• Work item: Write out only the lines from the line that holds "Discover our great" to the end of the listing below, inclusive, with the pictures omitted.

• Material provided:

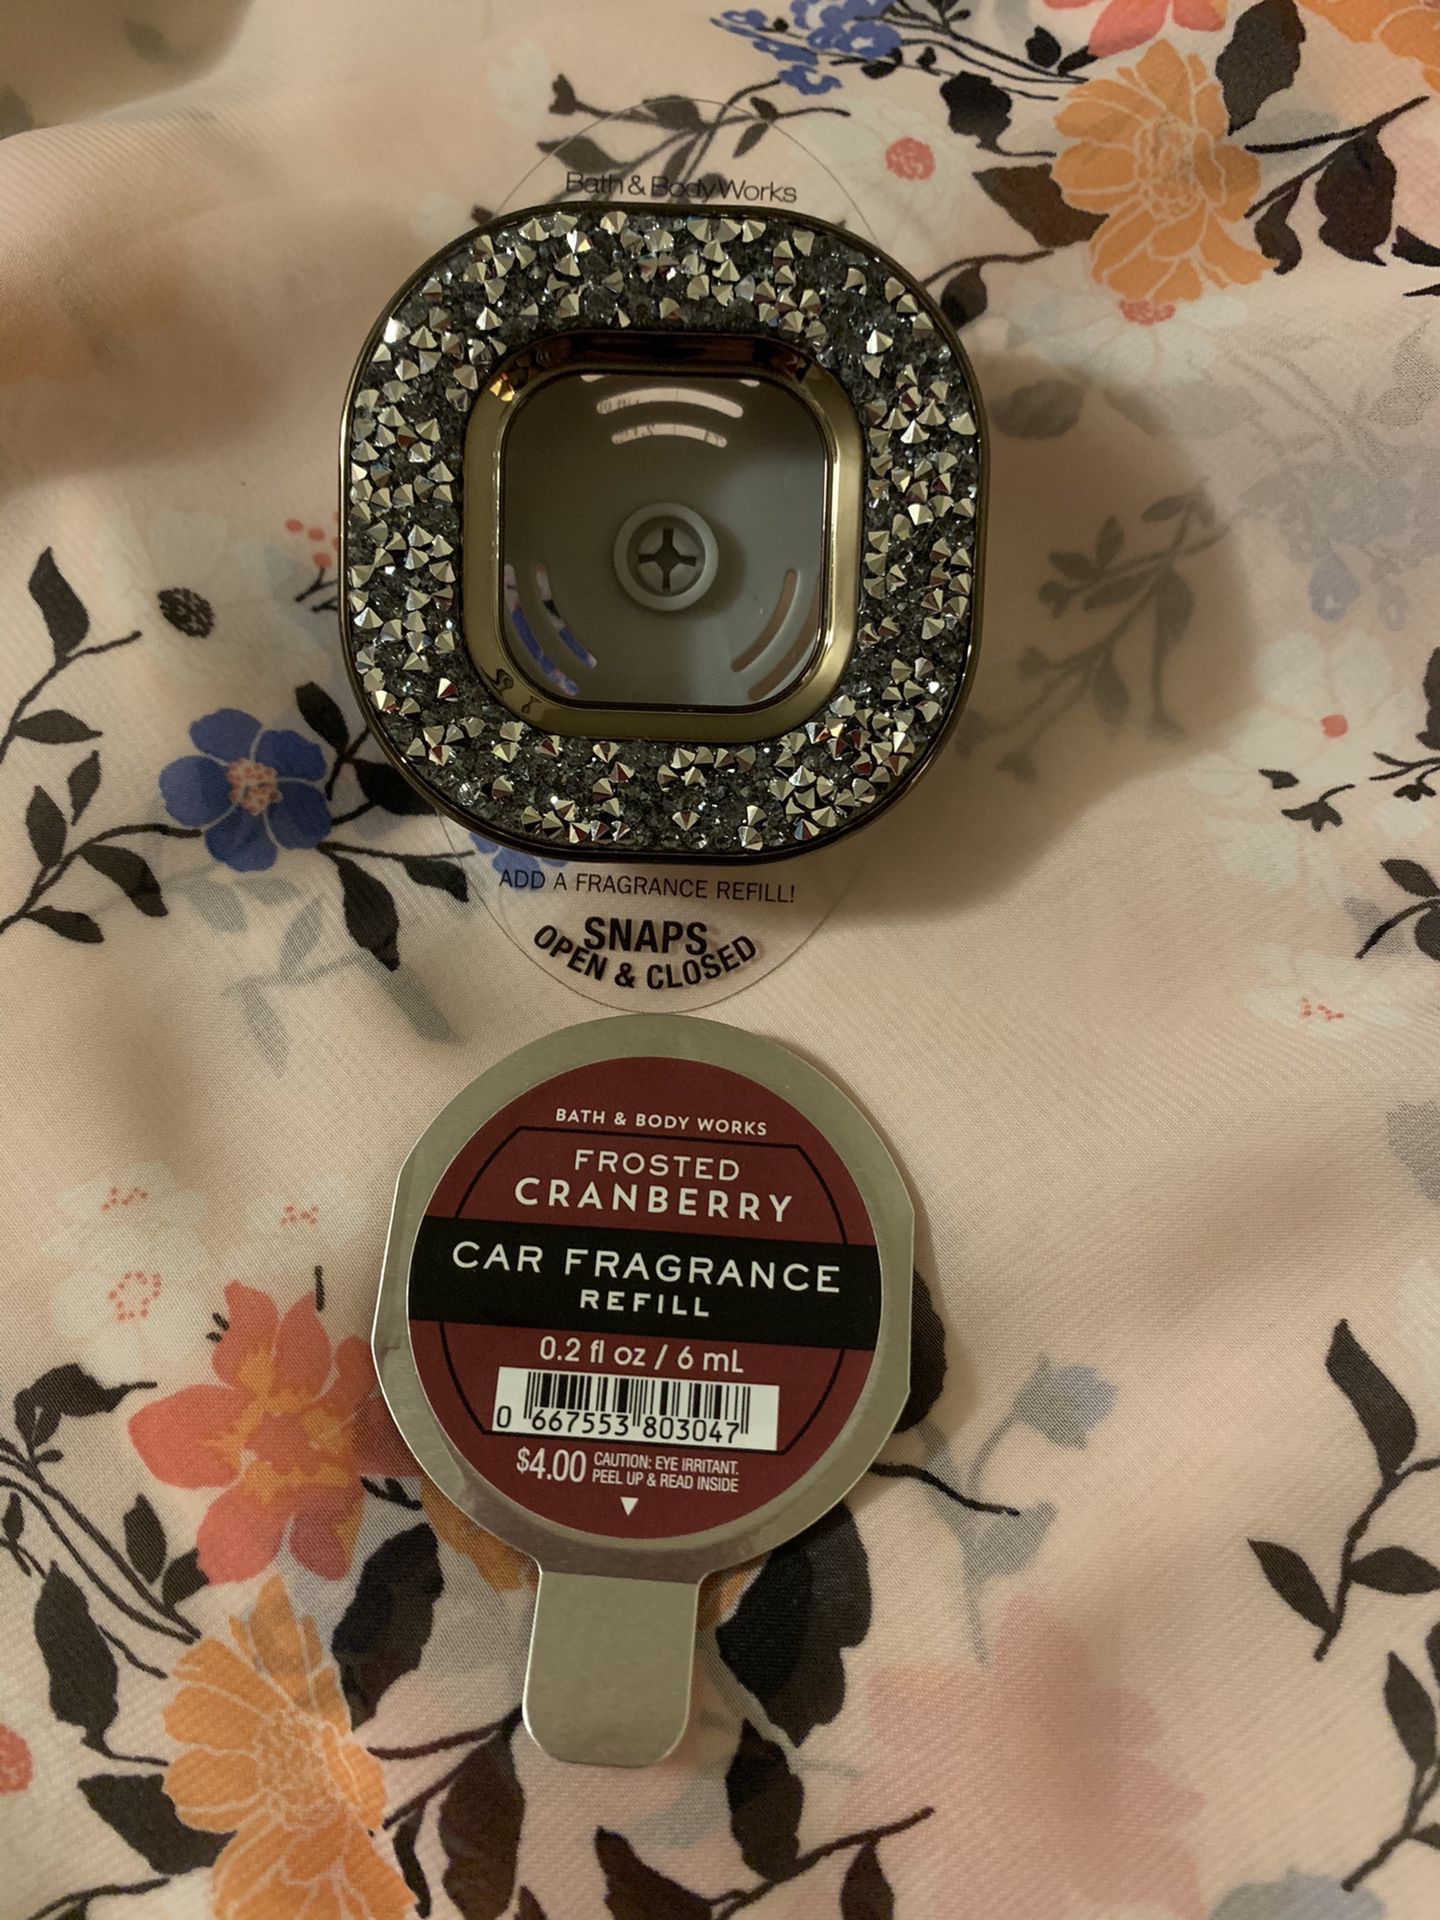 Bath and Body Works Car Fragrance Clip and Refill
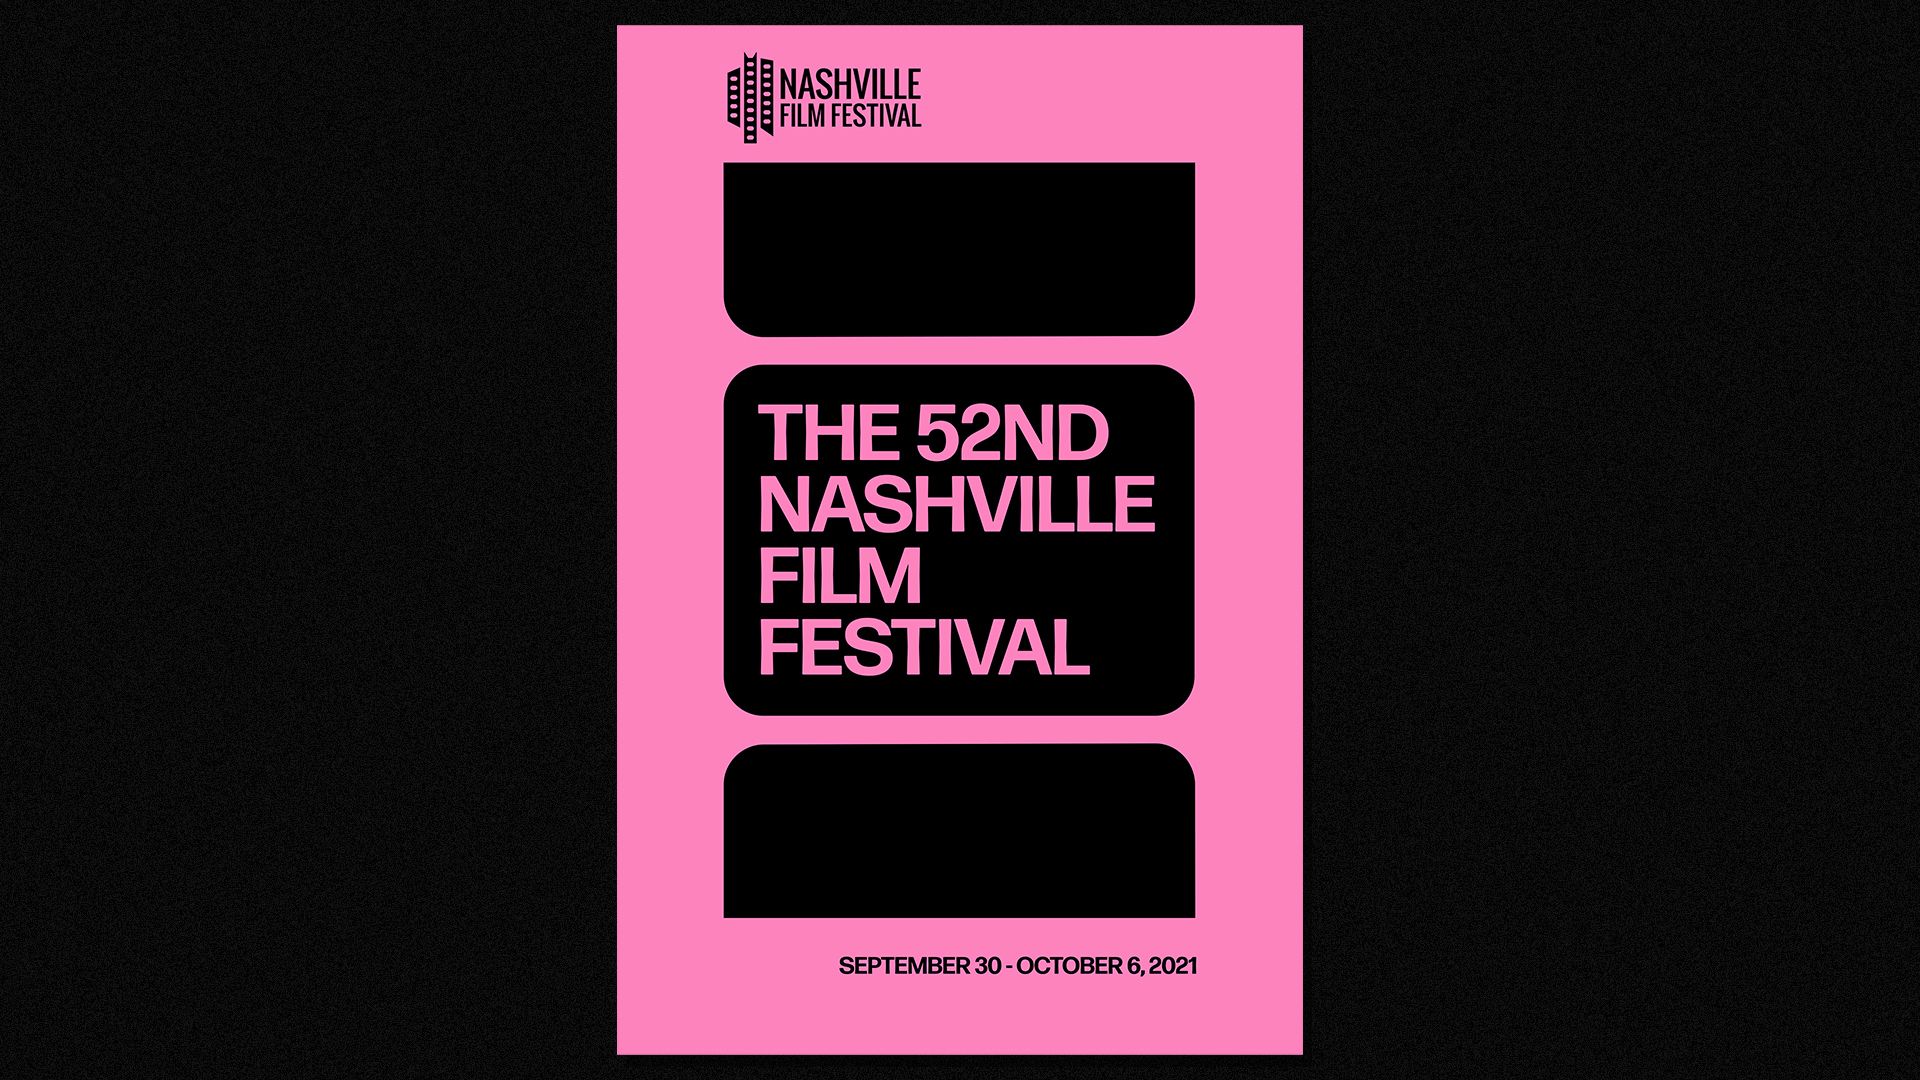 A poster for Nashville's 52nd annual film festival.
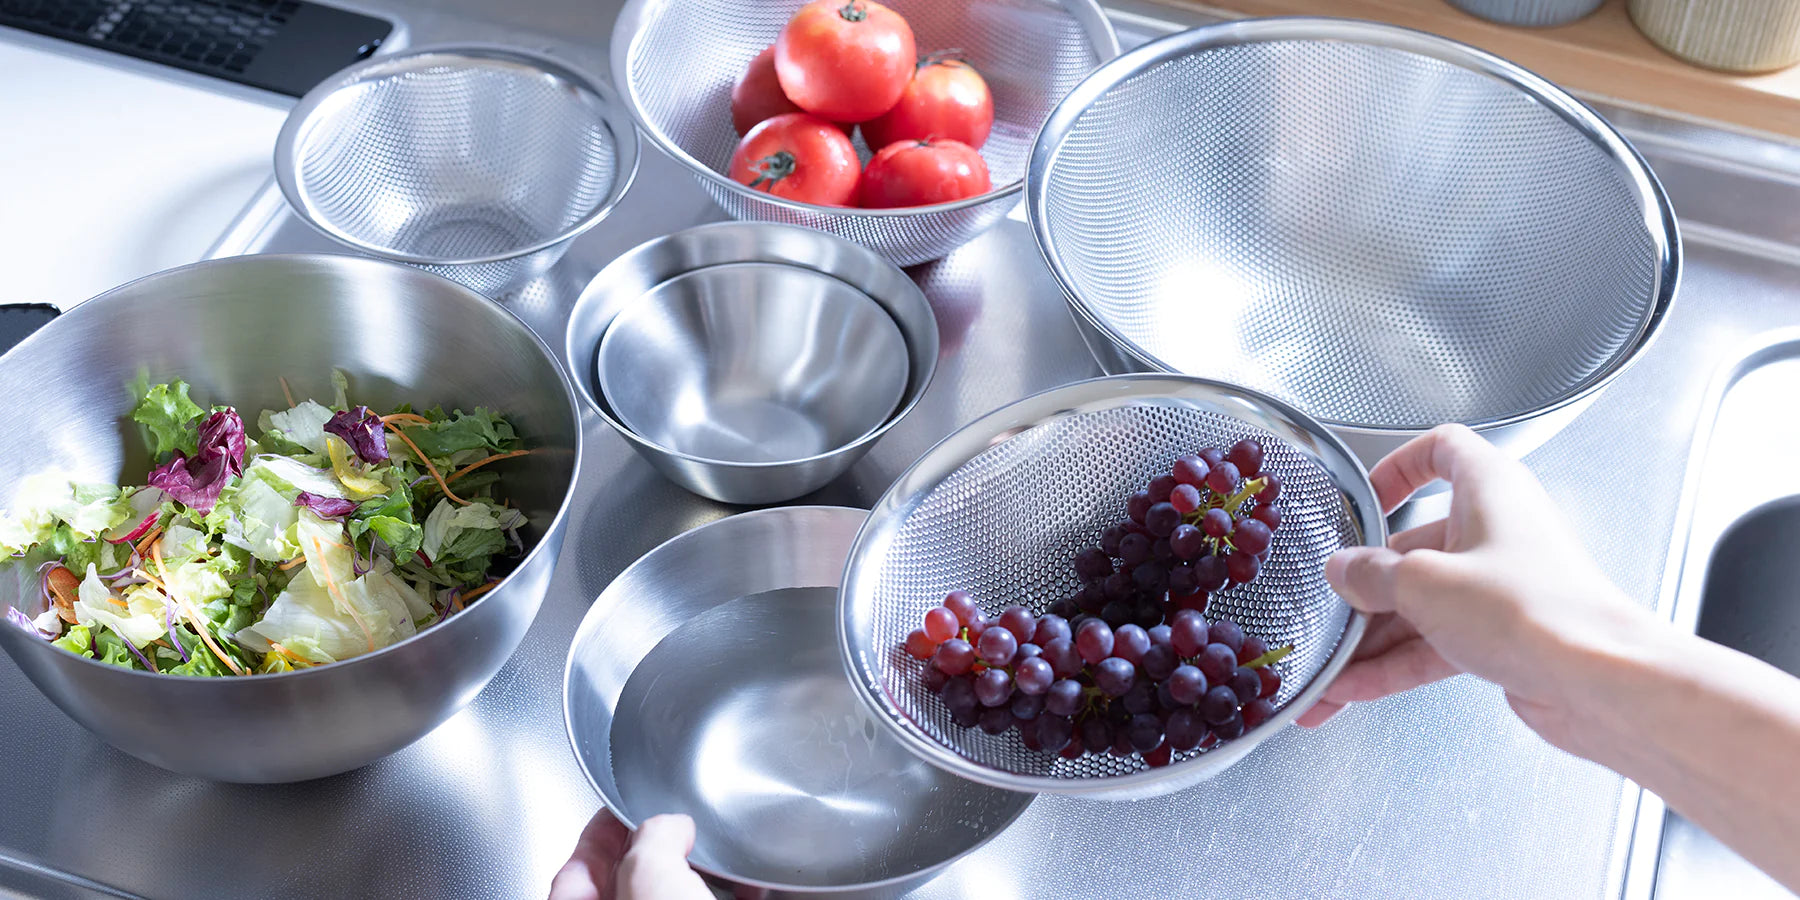 Discover our great selection of Colanders & Strainers at Globalkitchen Japan.
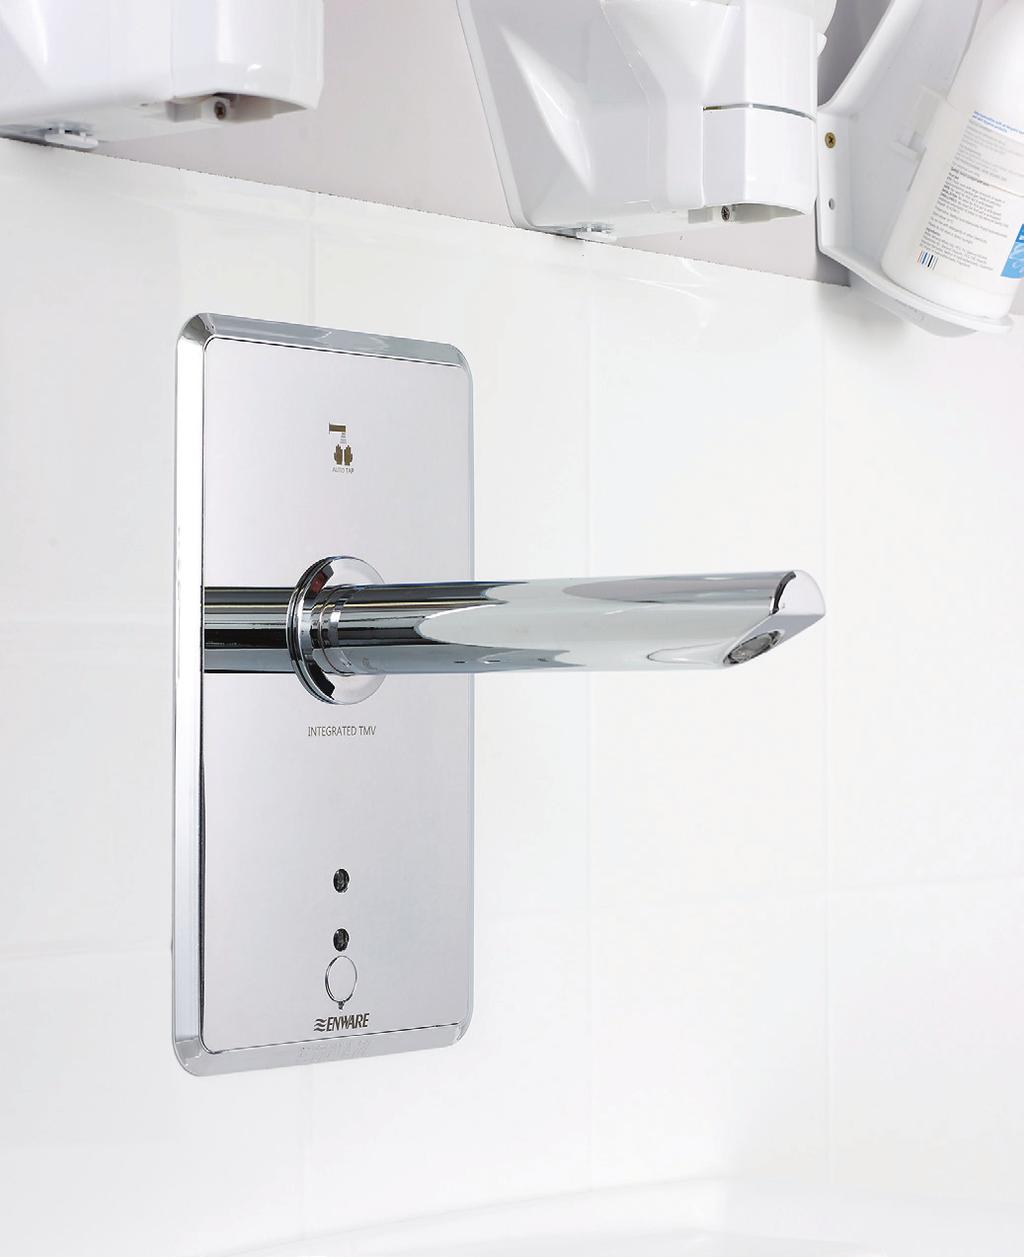 adjustable centres available ATM611 ATM611X ATM610 ATM610X Battery or Mains (via transformer) powered In-wall recess mounting box Chrome plated wall plate and escutcheon with o-rings and seal to

• Written response:
 Discover our great selection of Colanders & Strainers at Globalkitchen Japan.
 adjustable centres available ATM611 ATM611X ATM610 ATM610X Battery or Mains (via transformer) powered In-wall recess mounting box Chrome plated wall plate and escutcheon with o-rings and seal to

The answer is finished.